Normalize taking money out of your savings account

     Normalize taking money out of your savings account. I'm serious. Things are hard, the state of the world is kind of shit. I'm probably gonna have to quit my job soon. My manager quit, so a lot of people will be leaving soon. I will stick it out as along as I can but if I don't like management I am fucking out of here. Our district manager is gone too, so I have no clue who's gonna be coming to take the reigns and hire a new manager. Whatever. I gotta update my resume soon. It's gonna suck but honestly I'm glad I've got an easy out. I do not want to work at a smoothie place during the summer months, thank you. For now tho, I'm gonna steal a lotta food from that place.

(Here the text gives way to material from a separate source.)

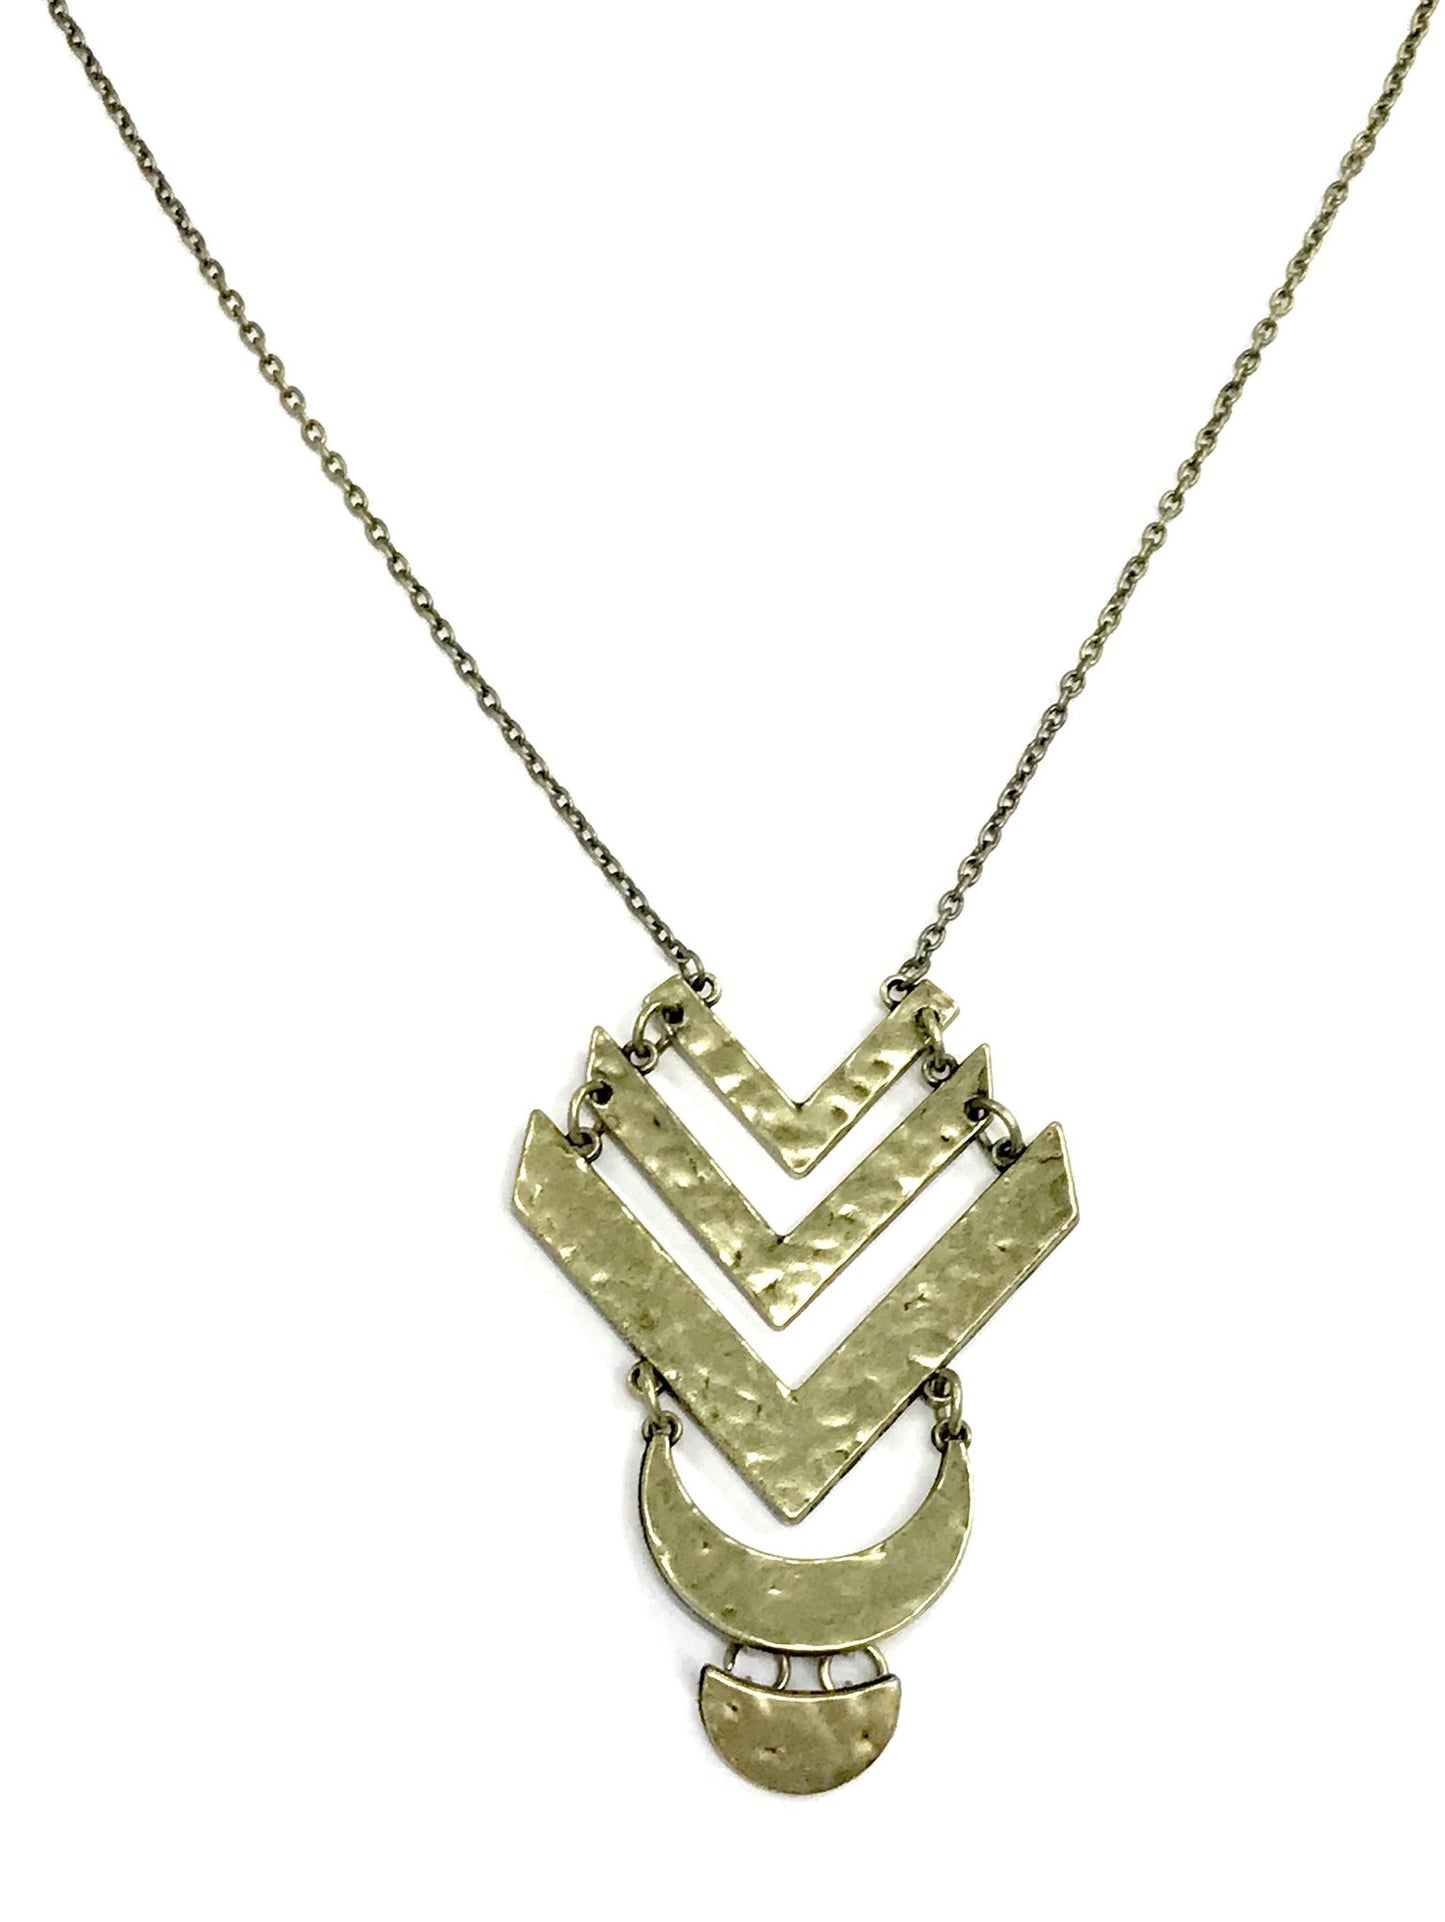 Artisan Edge Brass Necklace - Daria's Blings N Things

    I tried Acid a few days ago. It was... super weird. Nothing really happened though. In the moment I described it as "taking the long walk to nowhere." Conversations seemed so deep and layered but in reality we were talking about nothing. The person I was with ended up passing out near the end of my trip, so I got to experience it alone for a little while. That wasn't as fun, but I lived. I had fun I think; there were some scary parts, sure, but overall? Super fun. I loved the visuals and the giggly feeling. The way it brings you back to that primal curiosity of "what's this? why does it do that? what does it feel like?" you don't feel any sort of embarrassment or pressure or anything like that from the people with you. You have no shame, you feel no ego, it's what I imagine it was like to be a caveman. Anyways after the trip I felt like absolute garbage because of the sudden drop in serotonin (the stuff acid makes your brain overproduce.)  I'm fine now, but in the moment I compared how I felt to how it felt like in middle school. Saying that out loud really helps me remember how much better I am now than I was then. I'm real hard on myself to be a better person and improve myself, I have to remember that I've come pretty far. Sure it's not over but I've made so much progress, I should give myself more credit. I'm getting better, feeling better. I'm proud of myself.

    Ew okay enough sappy shit I'm real happy about the sun coming out. I think I'm gonna get a nice little retail job next. I got a ticket for running a red-light. Yes it's bullshit. Both me and my sister have been having nuke dreams. That's fun. My mom is gonna pay to fix my truck's alignment and perhaps even a shell for my truck. I want to go fishing... so bad. I want to go camping and be outdoors. I need to go camping. I need to go camping. I need to go camping. I WANT TO BE IN THE WOODS. 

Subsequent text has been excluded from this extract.